When she was younger, her cousin Lhi gave her a gift. A small model of a D’deridex that Dox had then assembled painstakingly. Hand painting her hull and each of her windows, she spent 9 days building the model. It was her most prized possession and there was the real thing, seemingly so close she could reach out and touch it. A few months after getting the model, she had downloaded the ship’s official specs and began studying them intensely, hiding both from her Mother. She became obsessed, memorizing every deck and room and learning everything she could. And it wasn’t hard to close her eyes again and imagine herself at the helm of that magnificent ship. But she didn’t want to close her eyes again. Not then. She wanted to be there as much as the shimmering jewel below her. She imagined herself a grown woman in a charcoal gray uniform sitting at that helm, piloting that bird into the vastness of the cosmos. Suddenly, it was all she could imagine.

But that Warbird wasn’t imaginary, it was there and the proximity alarm was still chiming off.

A quick glance of the sensors showed that they didn’t see her and their orbit being so close was just a coincidence. Deftly, the all-too young girl dropped the ship’s velocity and adjusted the Forager’s orbit using maneuvering thrusters so as to avoid sensor detection. Slowly, the Forager let the mammoth Warbird float gently ahead as she slid the small freighter into a safer orbit, out of range of their own proximity sensors just in case the cloak failed.

It was further away after a few minutes, fading into a green blob on the horizon as she sighed wistfully, closing her eyes again. She had never seen anything like it and dreamed that one day, she would be on one of those jewels in space.

---------------

Then her eyes slowly opened for real. A knock in the hum of the engine roused the young Starfleet Lieutenant, Mnhei’sahe Dox, from her shallow, fitful sleep. Rolling over… she was still there.
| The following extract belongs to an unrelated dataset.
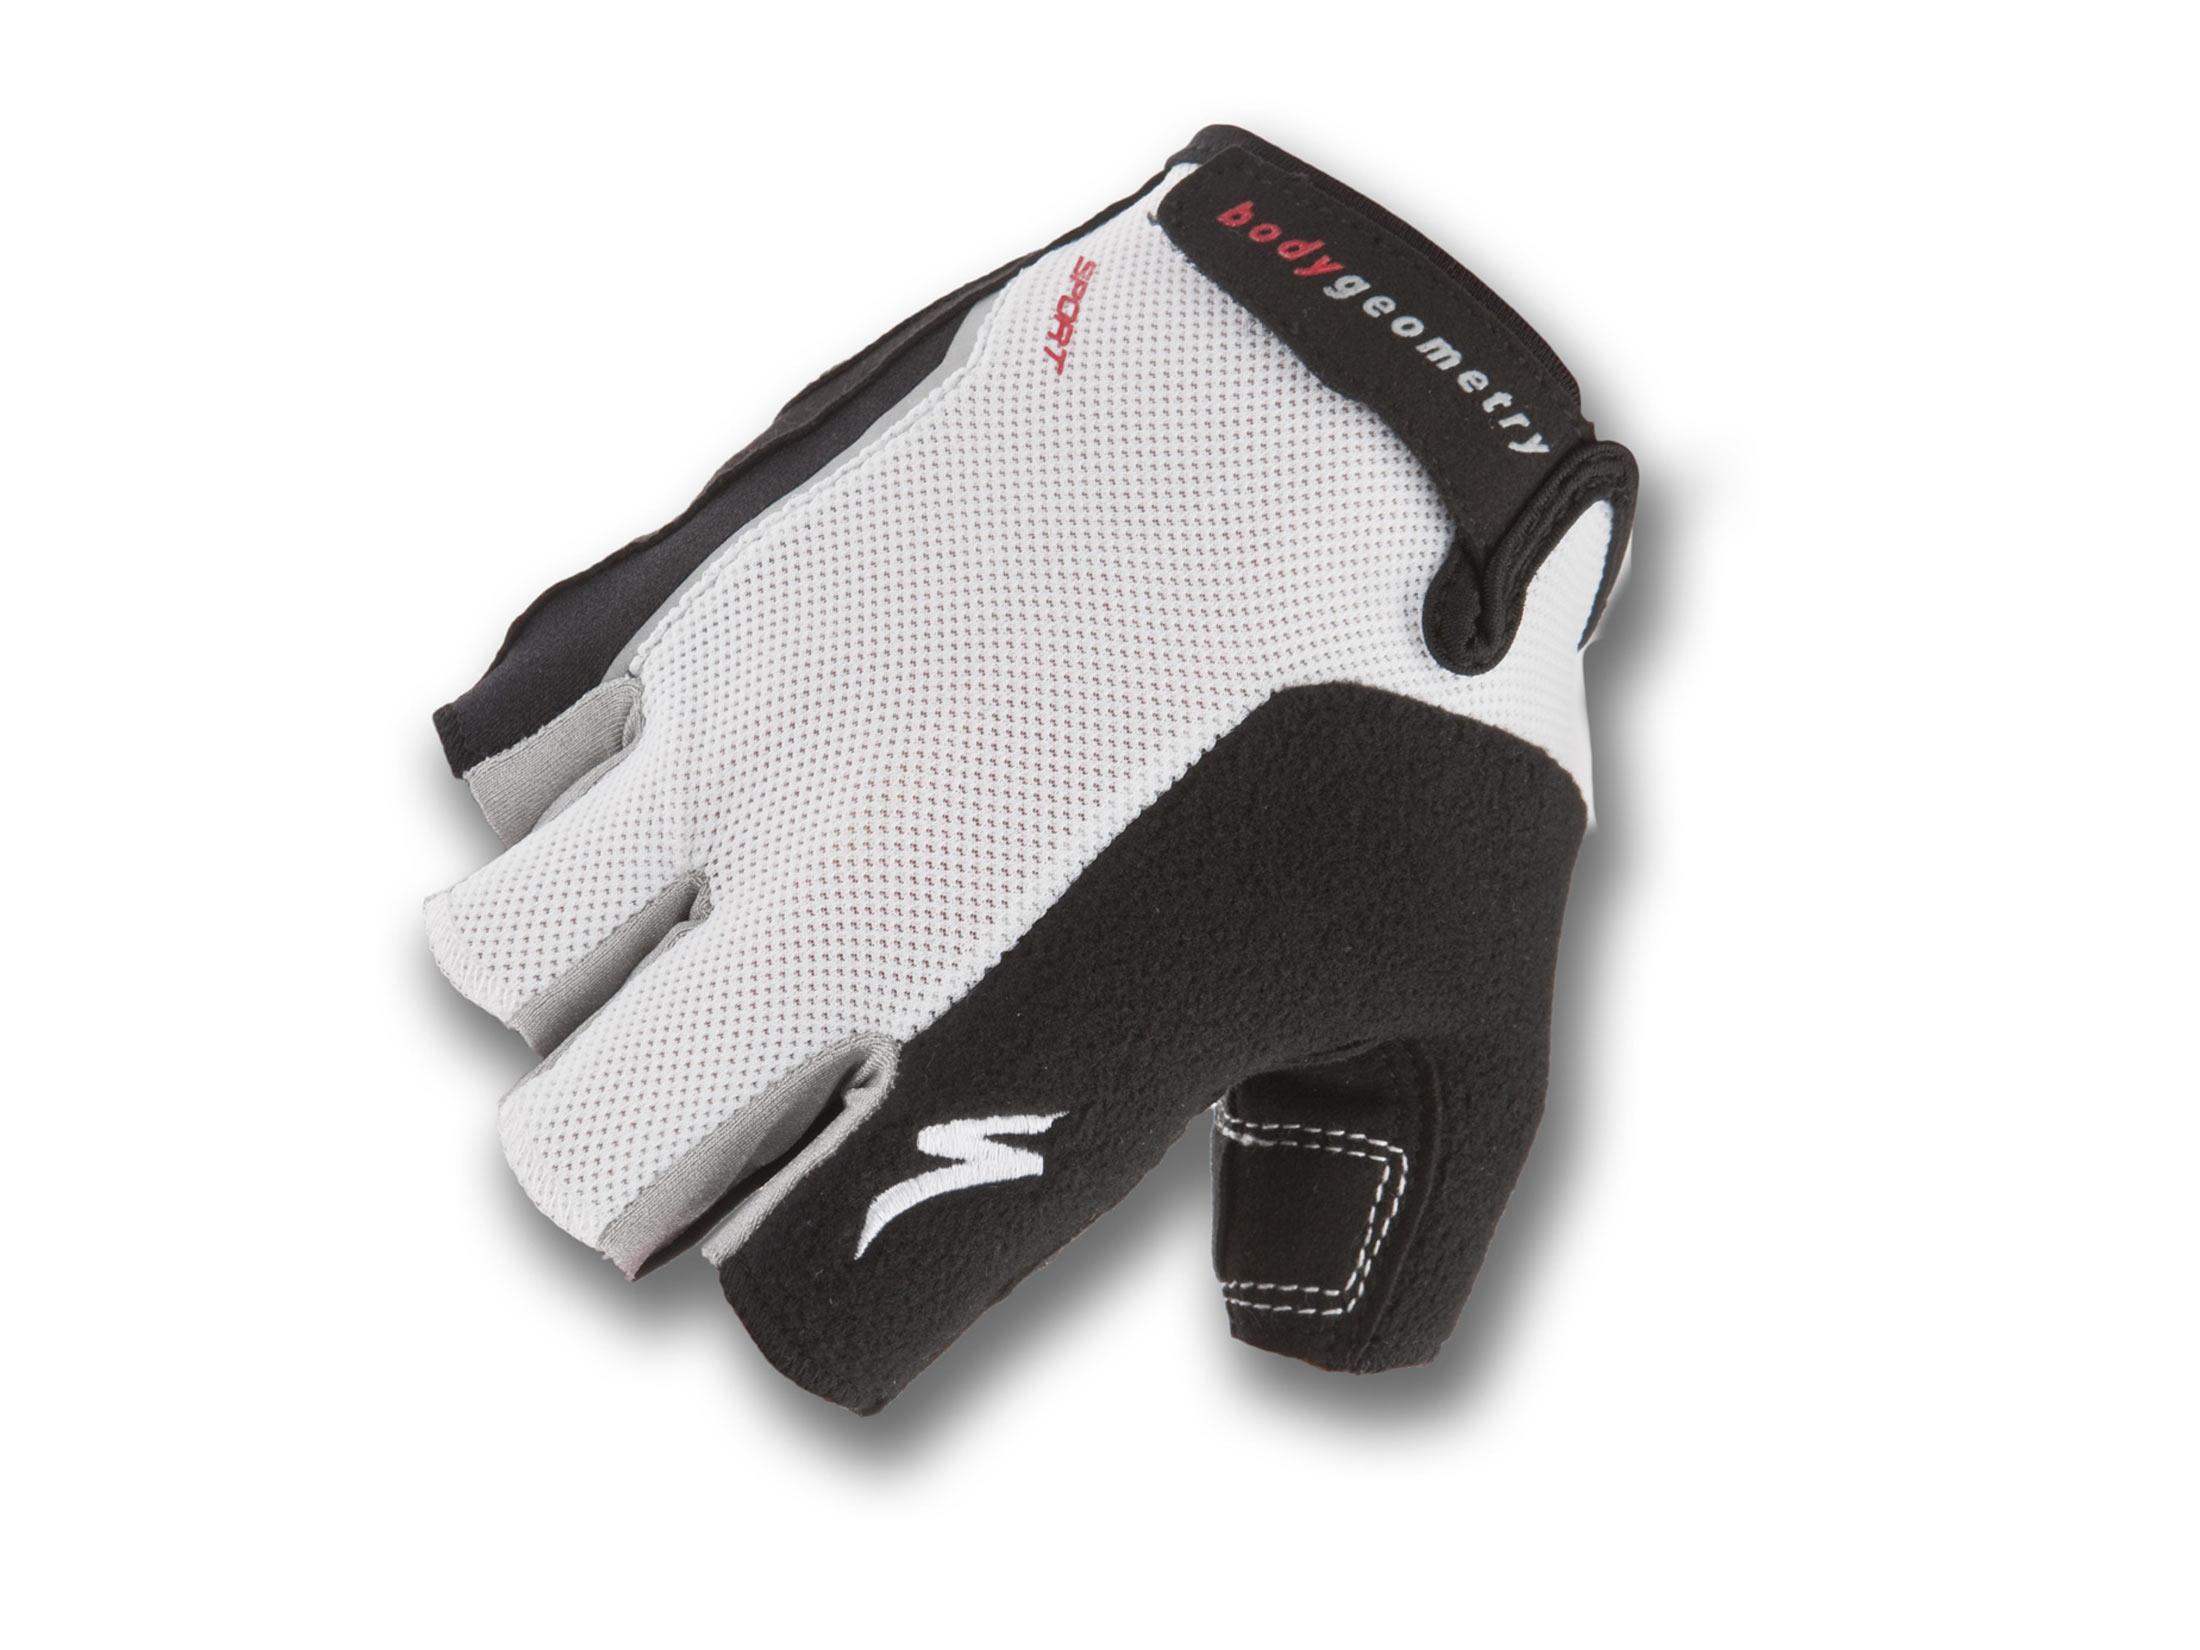 Γάντια Specialized BG Sport - Μαύρο/Λευκό (Μ)

Another night in the modest quarters of the D’deridex-class Warbird called ‘The People’s Will.” Her Grandmother’s senatorial flagship... and her prison.

What she had dreamed of as a girl had become a prison and a promise all at once. She was being taken to ch’Rihan, possibly never to leave again. A prisoner of the Imperium unless she fully embraced the offers of her Grandmother and took her place in the empire as its ‘loyal daughter’. An act that would only require abandoning her wife and unborn children, her family on the Hera, and every oath she ever swore. And she cursed herself for silently wanting it on some deep, painful, weak level. For wanting to give up and finally go to the home that was denied her all of her life. For wanting the family that her mother had denied her. And her shame hung heavy on her heart as she found her resolve and strength buckling under her Grandmother’s aegis.

But beyond the bonds of family her Grandmother was trying to restore, were the machinations of Riov Rendal and the Tal’Shiar. Machinations Dox was under no illusions that her Grandmother was innocent of involvement in. Dox knew that she and her captive mother were also bait for a trap. A way to lure the Hera to ch’Rihan in a rescue attempt. A way to give the secrets of the gods to the Tal’Shiar. And Dox had to stop that from happening at all costs.

And in her heart, she still had Mona. Mona’s swirling energies fused with her own. That brilliant purple glow that reminded her who she was and what she had. Mona was there. Mona’s presence in her heart would remind her of who she was. She was not Mnhei’sahe t’Rul. She was Mnhei’sahe Dox. Through that bond, she reminded herself of all of that. That was who she was and that was who she would be until the day she died. And Mona would always be there inside her until that day, even if that day was tomorrow.

Closing her eyes again, she found herself trapped like she was on the Forager... as she began to silently weep herself back to sleep as her half-asleep mind fought against itself. ‘Mona... It’s a trap. They’ll kill you all if you come. They’re waiting for you to come.’ She thought to herself, reaching out to that lavender energy she could see so clearly in her mind as she faded back to a fitful sleep, praying she could be heard.